# First time howling



## Fallguy (Jan 23, 2004)

Wanted to share my first howling experience with everyone.

I was up hunting pheasants with my father in law about an hour north of Bismarck. I purchased a Sceery open reed predator calling kit last spring, and haven't really gotten a change to use it. There was a full moon, and visibility was good, so I walked about a hundred yards down a shelter belt and sat with my binocs and the coyote howler. I gave a couple yelps and howls (tried to mimic what I saw on a video). I had a group of dogs start yipping and yapping and howling. They were across a huge slough and it sounded like more than 2 animals. Then another group started going from the other direction. Soon both groups were going insane! My heart rate doubled in an instant. What a rush! I wasn't able to see the coyotes, but I could hear them very well.
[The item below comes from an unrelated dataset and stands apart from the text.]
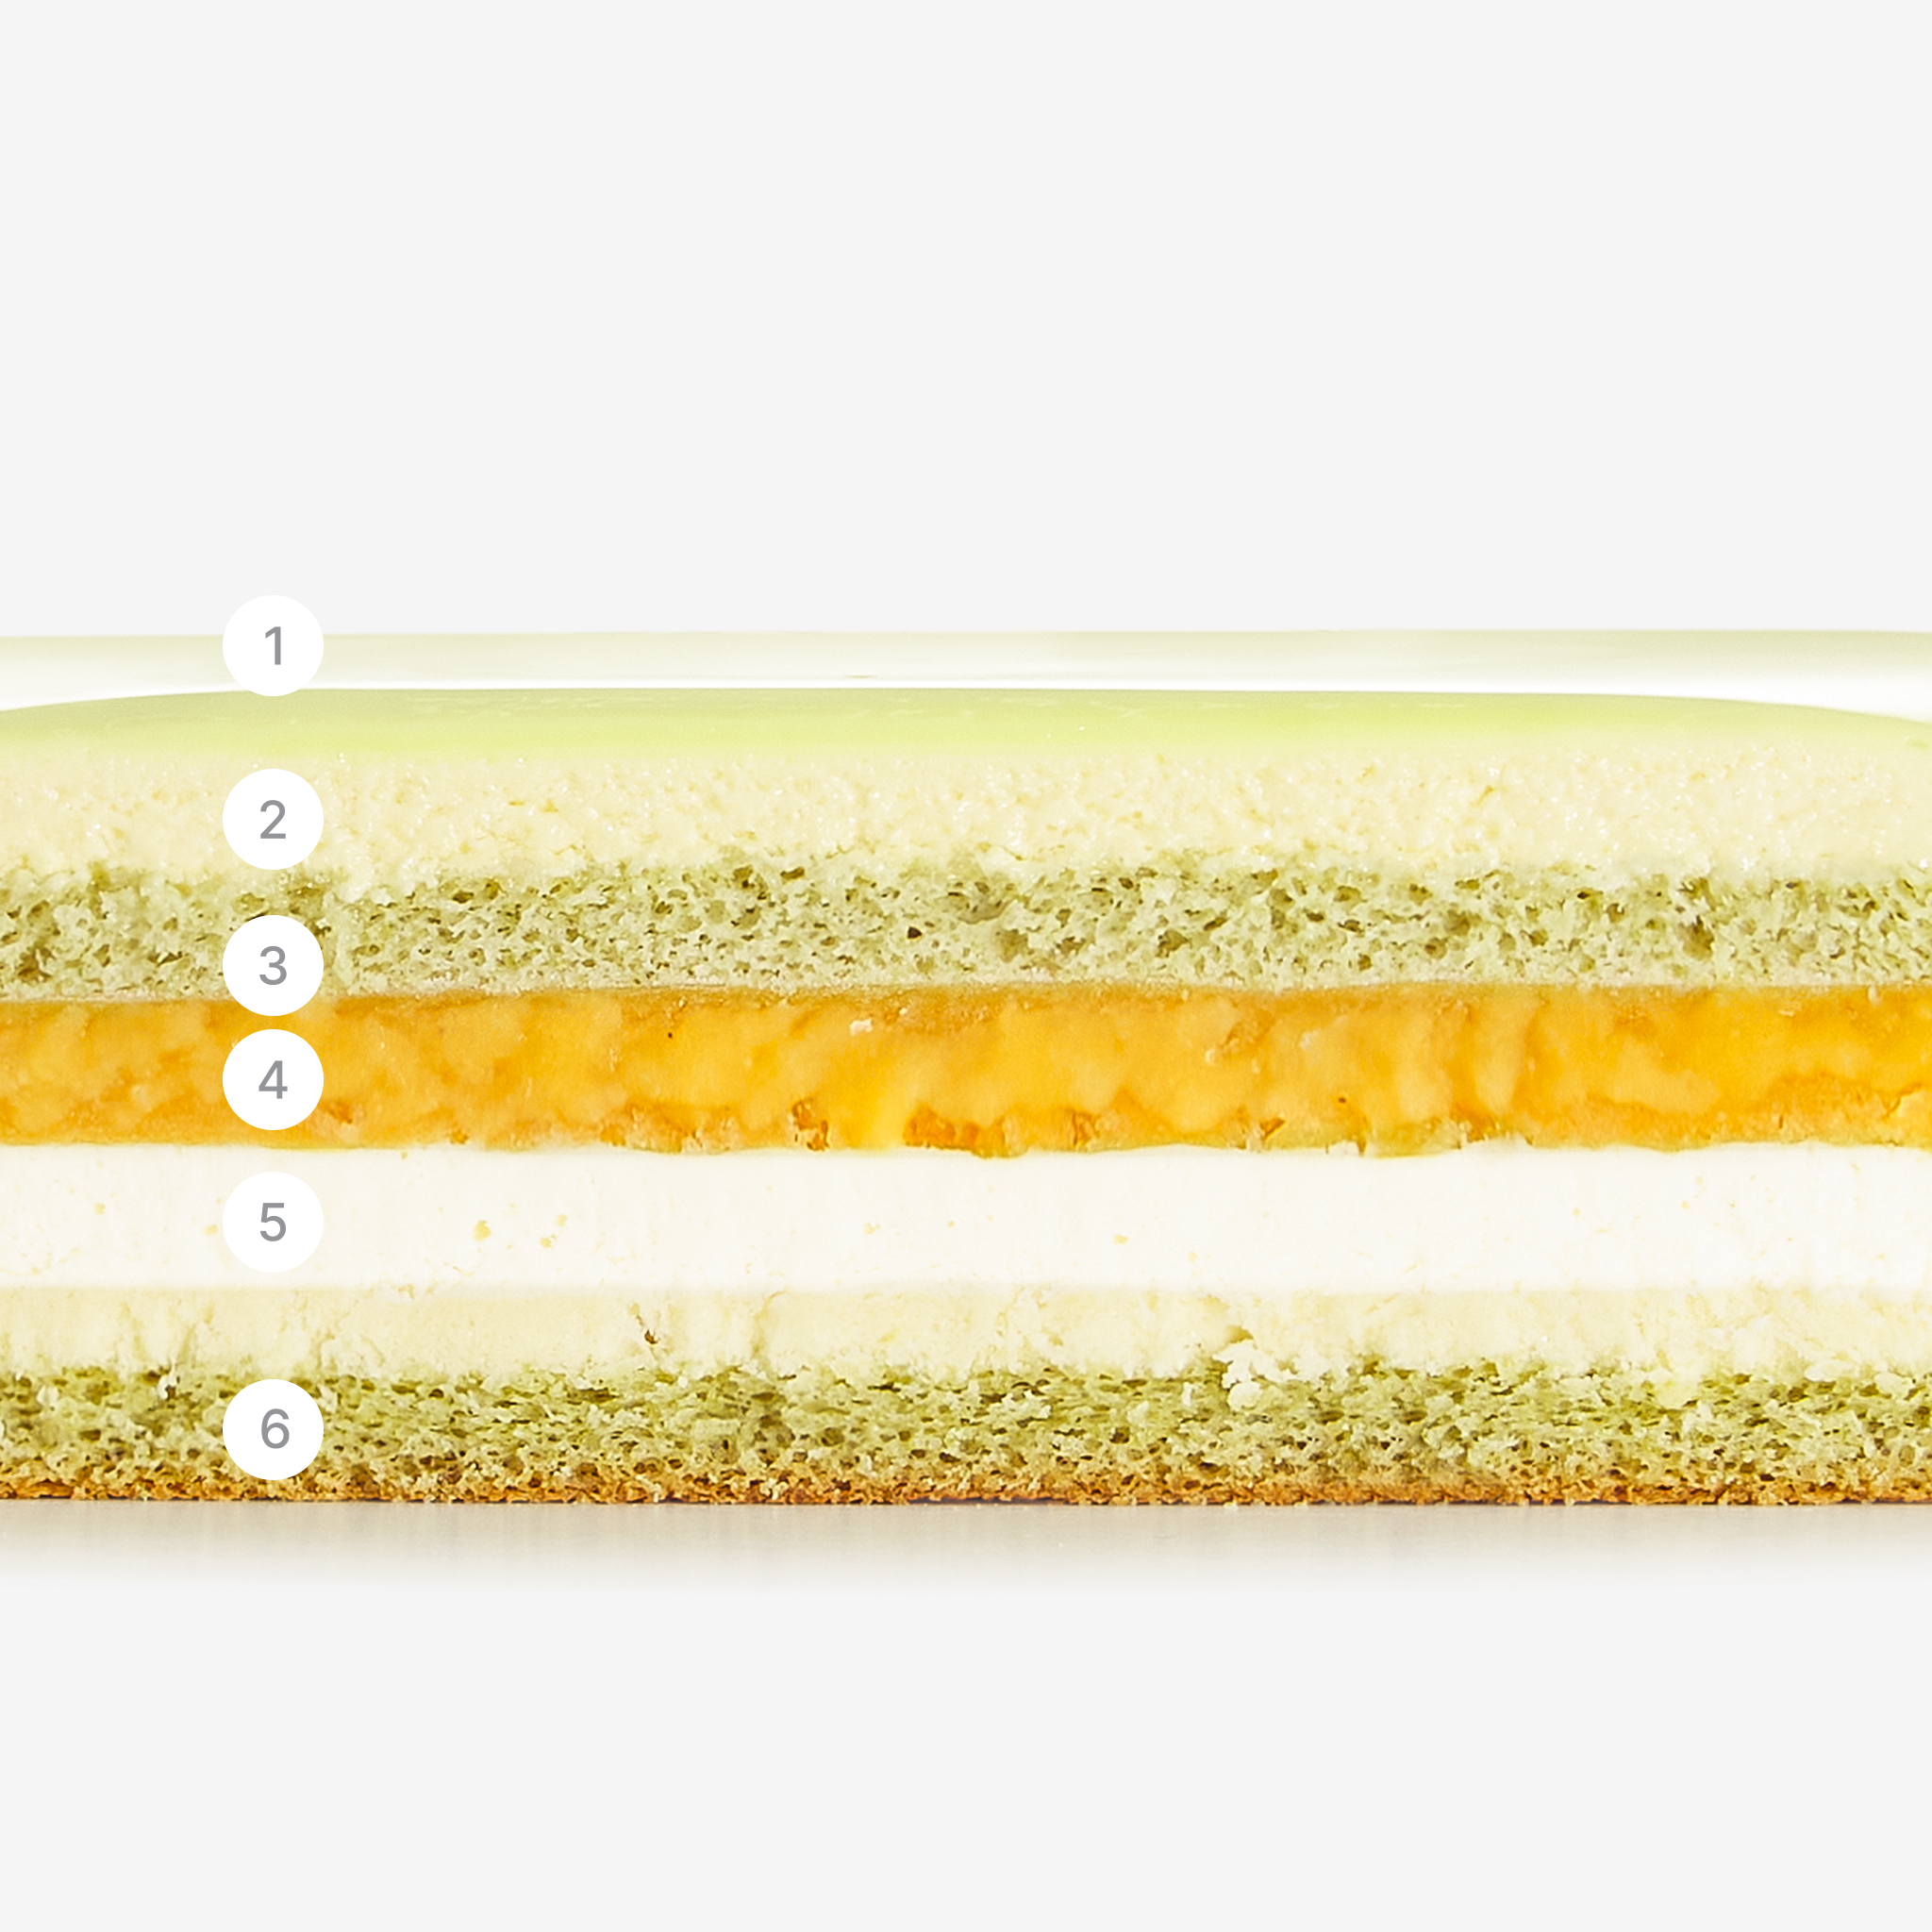 LaFuong Pastry – Orient Scent – Xoài, Lá dứa & Phô mai. Một chiếc bánh có thiết kế tối giản, lịch thiệp, nhưng chứa đựng một ý nghĩa sâu sắc.. Chiếc bánh Orient Scent được ra đời với thông điệp về sự đủ đầy & tốt lành. “Trời tròn - Đất vuông” đơn giản như vậy, tạo hình trên nền tráng gương màu xanh lá dịu mát có hình vuông tượng trưng cho đất & hình tròn tượng trưng cho trời. Hương vị chủ đạo là xoài tươi và lá dứa - đậm chất Châu Á, kết hợp thêm cùng phô-mai cream cheese của Châu Âu, chiếc bánh này sẽ đem lại cảm giác tươi mát, thơm ngậy và ngọt dịu khi thưởng thức.

I only hope that I did not educate them too much. :roll: I will be coming back to that area in December to hunt the coyotes.


----------



## the_rookie (Nov 22, 2004)

thats great BUT when u go back i would bring a coyote gun with extra clips if that many were going and i would also bring a .45 pistol just in case


----------



## sdeprie (May 1, 2004)

I think you got some good advice there.  I'm about to try the same with foxes soooon. I've got the 17 HMR and a 223, so I should be ready. (Remember, these are foxes, not coyotes.)


----------